By the time I crawled into bed it was nearly 3 AM. It was a full day back to work.
Category: Uncategorized
-
It was an early flight back to New Delhi and there wasn’t much of a chance to do the Sunday long run. I could have – had I started at 4 AM – but running that early in London is no fun. The last time I did that here, it was positively eerie. At least for me.
So it was three movies on the circuitous route back and plenty of dessert.
-
The Thames river run today involved twists, turns, up and down staircases, avoiding bike paths and construction sites. More than scenic, it was to get the distance done. Perhaps I should have thought of it like a video game but I didn’t. It was a tad tedious, with many roads blocked off for the trooping the colour.
Later, while at Hyde Park, with the young boy accepting a Muay Thai kicking challenge, I saw the Red Arrows finish the parade with a fiery trail of red, white and blue.
-
I woke up feeling much better and it was off for a quick training session with Gaby before heading off to the airport.
-
I headed towards the beach and then backed up to a highway towards Albufeira.
It wasn’t a scenic run.
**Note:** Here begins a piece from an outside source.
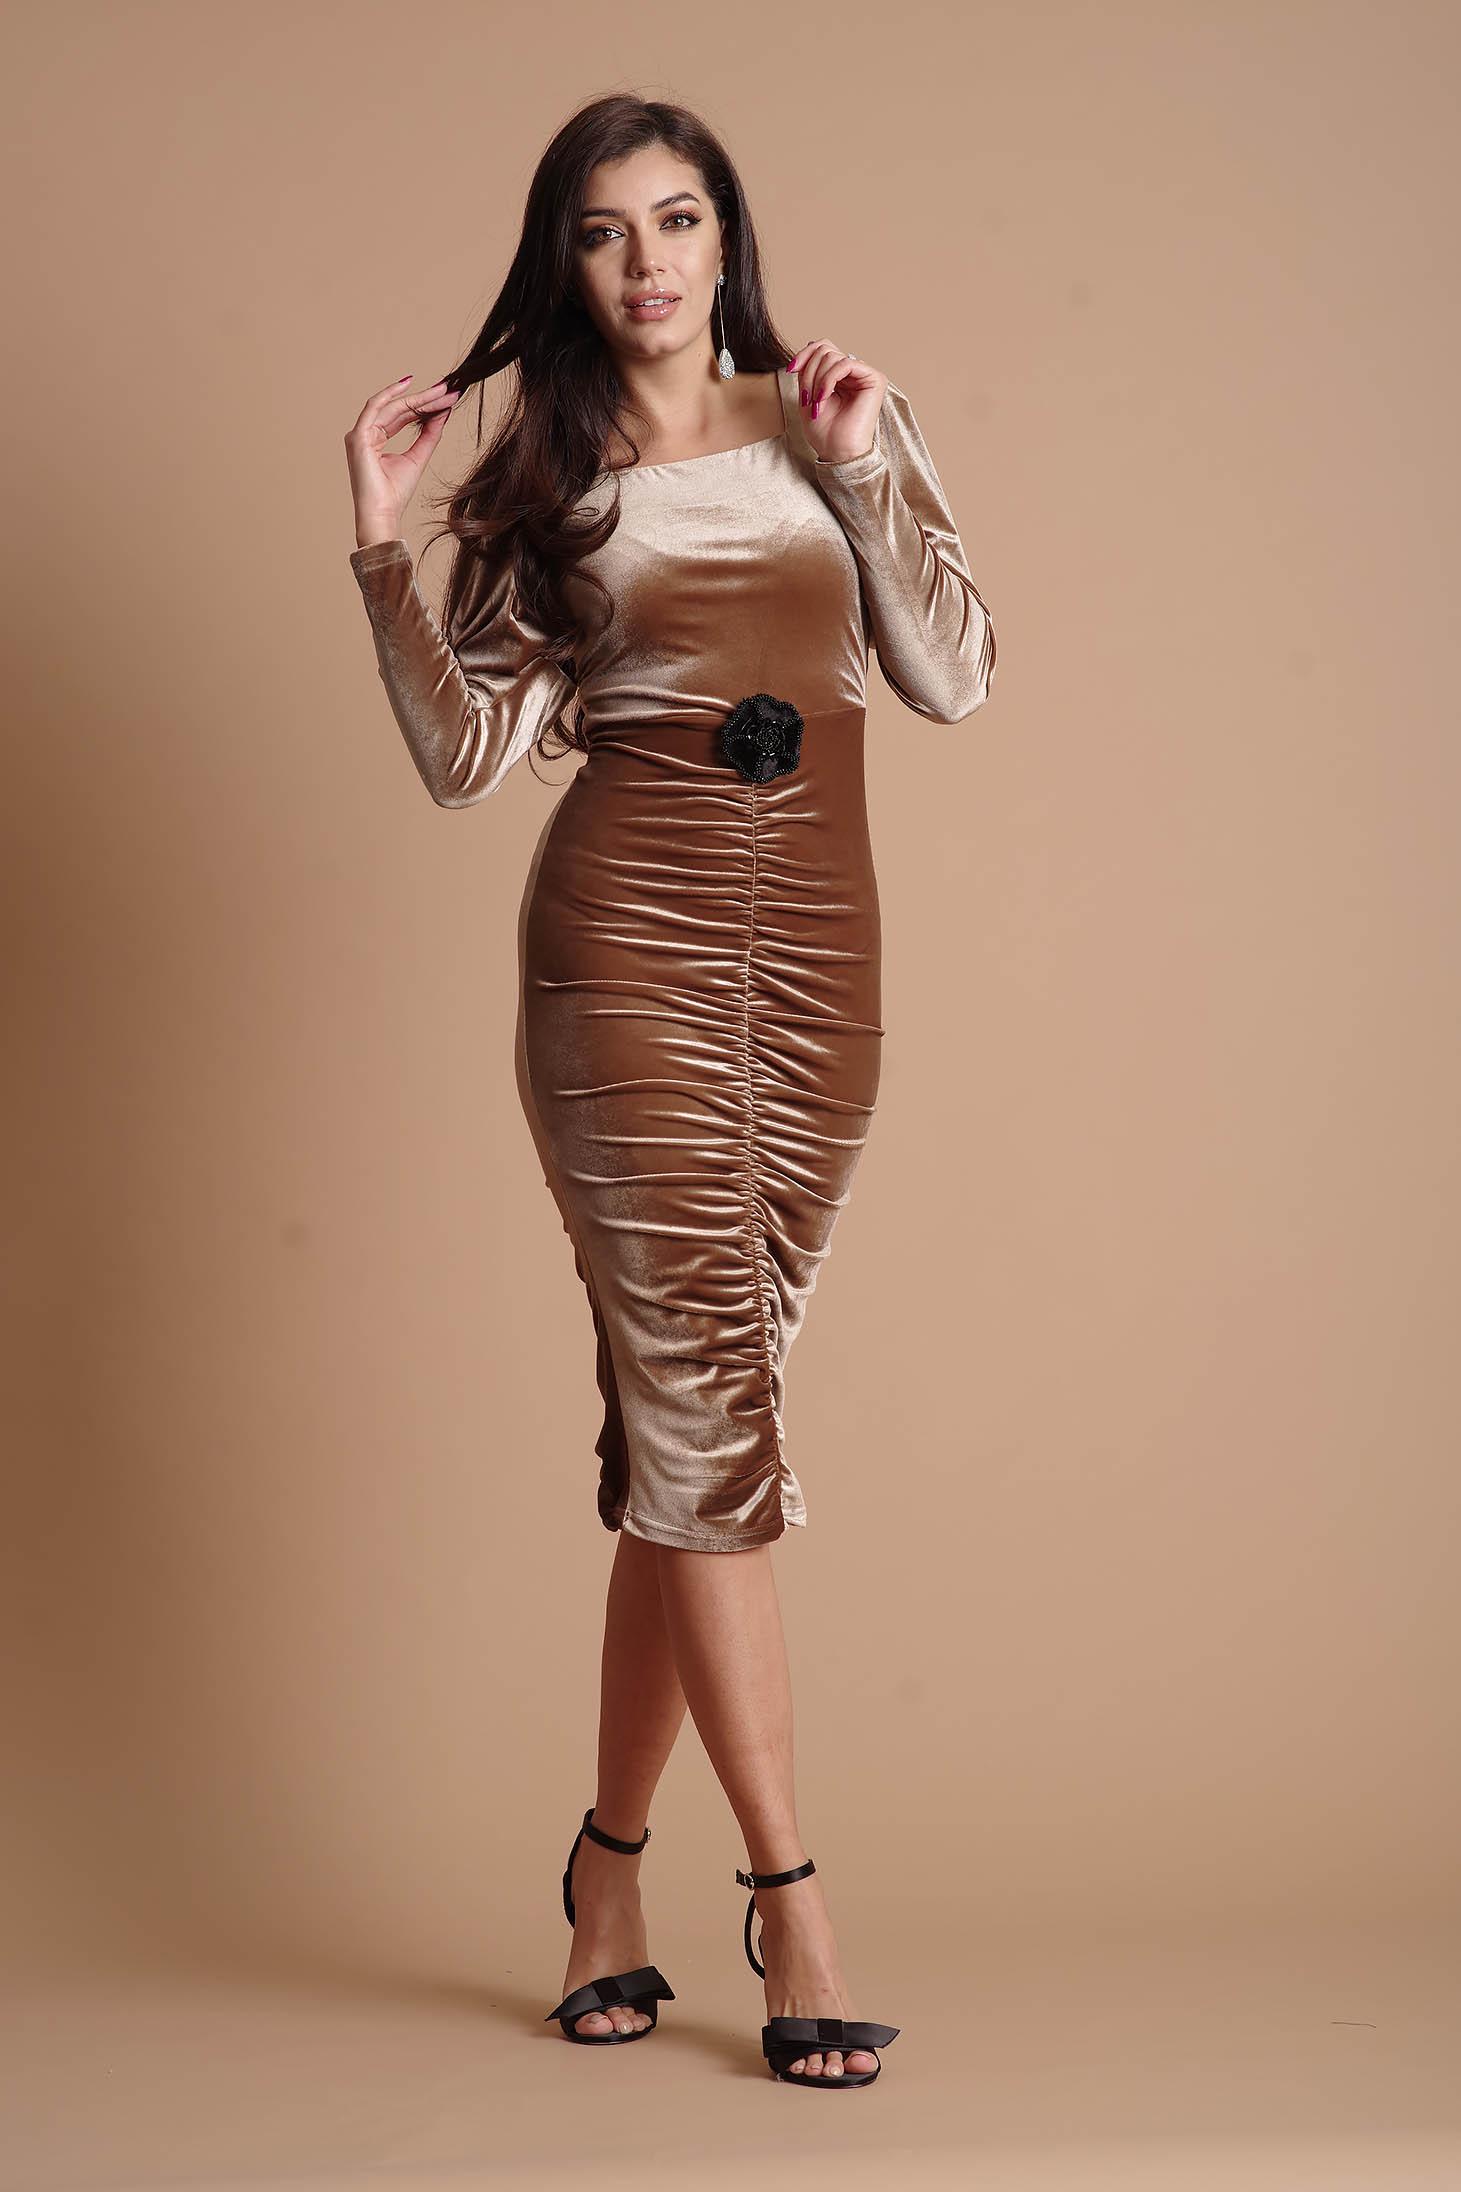 Cream dress from velvet long sleeved occasional pencil flower shaped accessory

Just a broad road with nondescript buildings and snatches of ocean that I could see between them or at an elevation.
Back at the hotel, it was another session with Gaby. Later in the day, I got a bit of a fever and spent the day pretty much recuperating.
-
I had short interval bursts today which I did in the small town near the beach. Even though I started on the later side, everywhere was near empty.
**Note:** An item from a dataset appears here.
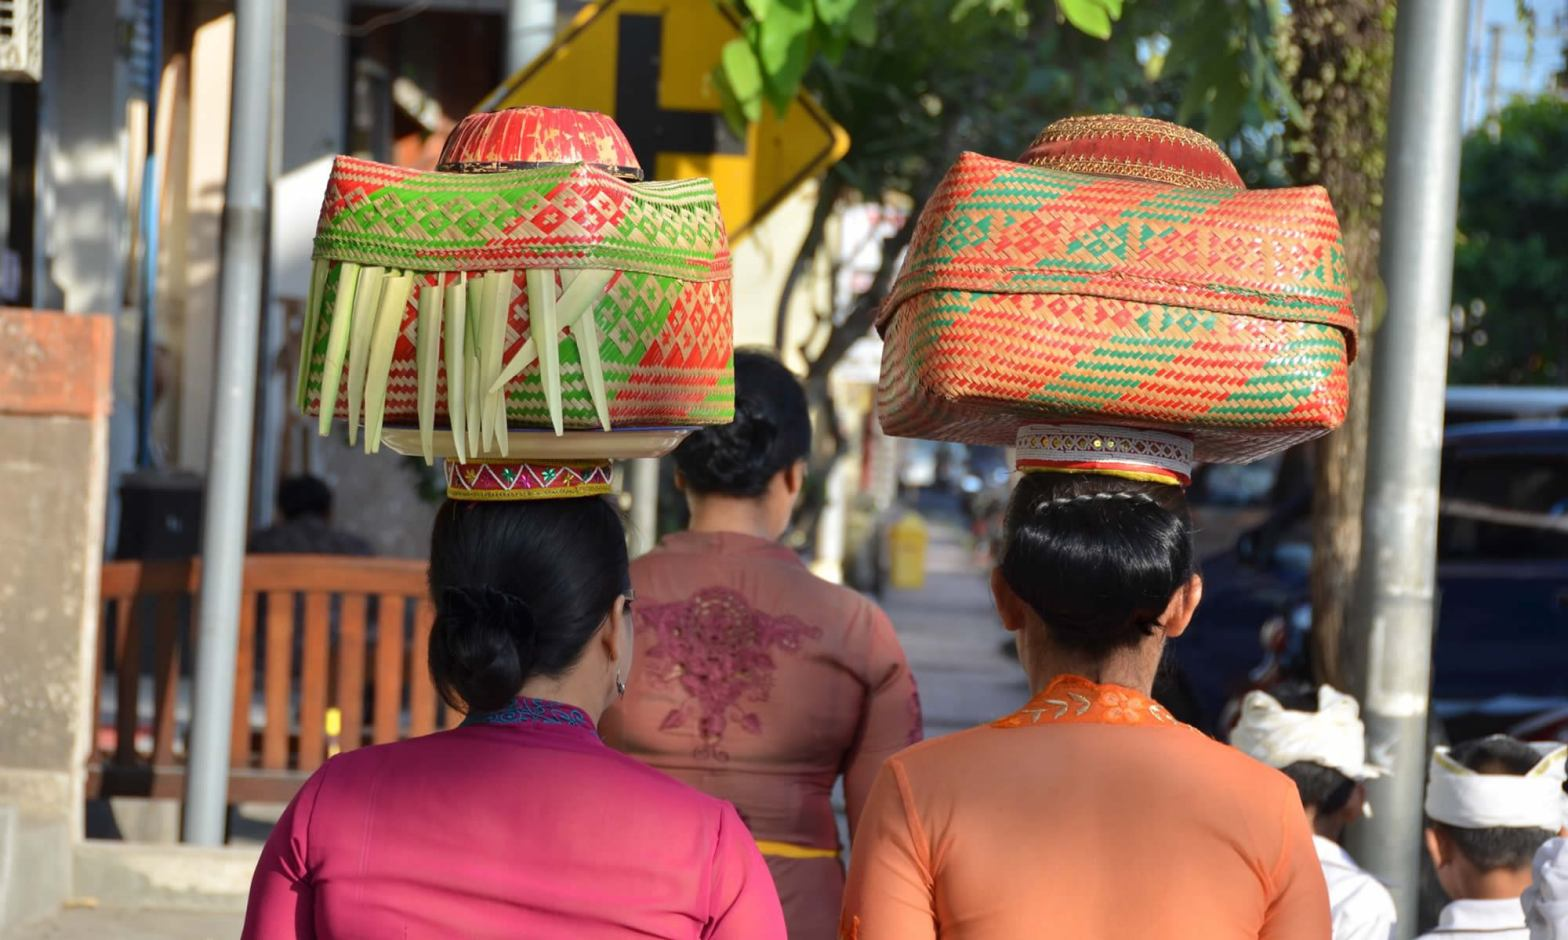 Women balance spiritual offering baskets on their heads in Ubud, Bali.

I made my way immediately to the gym where I requested a personal trainer. My sister, Roshini, yesterday had said it was a super session, and I looked forward to trying it out.
The gym had a great outdoor set up with all manner of pull up bars, TRX, battle rope, kettlebells, medicine balls, flowbag, stability swings and more. It’s the kind of equipment that makes me excited to train.
My sister had it spot on – Gaby was fantastic. The half hour went by quickly – the intensity often matching the work of the interval run.
Meanwhile, the moon is meant to be pretty special between yesterday and today and perhaps I will catch a bit of the grandeur tonight.
-
When I woke up, I asked the young boy if he would like to join me. He first said no. Fifteen minutes later, he was waiting for me to get ready. That’s how we roll.
We ran uphill right away for a short 600m before turning downhill for a kilometre down to town next to the beach. A bit of back and forth and back uphill to the hotel finished off ten kilometres exactly at the entrance gate.
It wasn’t a particularly pretty run, but in this same sentence, seeing the vastness of the ocean itself is always spectacular. Running here in Portugal with the young boy, more so.
-
I landed in Portugal this morning but it was a rest day. Ordinarily, I would have loved to do a run the first day in a new place. But, rest it was.
-
On Sunday morning, I started off on a leisurely loop around the parks. This time on Sunday, the area around the Palace was near empty. When I ran down the Mall, I couldn’t see a single person in any direction. It was heaven, wasn’t it?
I came back at a pre-appointed time to pick up the young boy.
The weather was perfect for running. We set off the same way I had come, making way around St James’s, skirting Green Park, onto Hyde Park.
After a bit, it was apparent it wasn’t his day. The distance he finished was respectable enough, but it wasn’t his day and so I bundled us up in a taxi to drop him back.
After the ten minute break, I felt energised to do more than I had planned and it was once again back down the same stretch for the third time.
This time in Hyde Park, running known loops and combining new patterns, I finished long run Sunday in London.
Next up, a cello lesson.
-
There was a ceremony going on near Buckingham Palace. The young boy and I were instructed by a helpful policeman to approach St James’s Park from Queen Anne’s gate. I hadn’t approached the park from there before and the entry opens at Birdcage Walk.
This is the final stretch of the London marathon before it curves around the mall at a spectacular photo finish with the Buckingham Palace as the backdrop.
The roads were busy with folks dressed in afternoon formal attire and the young boy and I weaved through them eventually running down paths hitherto unexamined. Three loops took us just past the thirty minute mark to finish up the run and settle into a leisurely breakfast.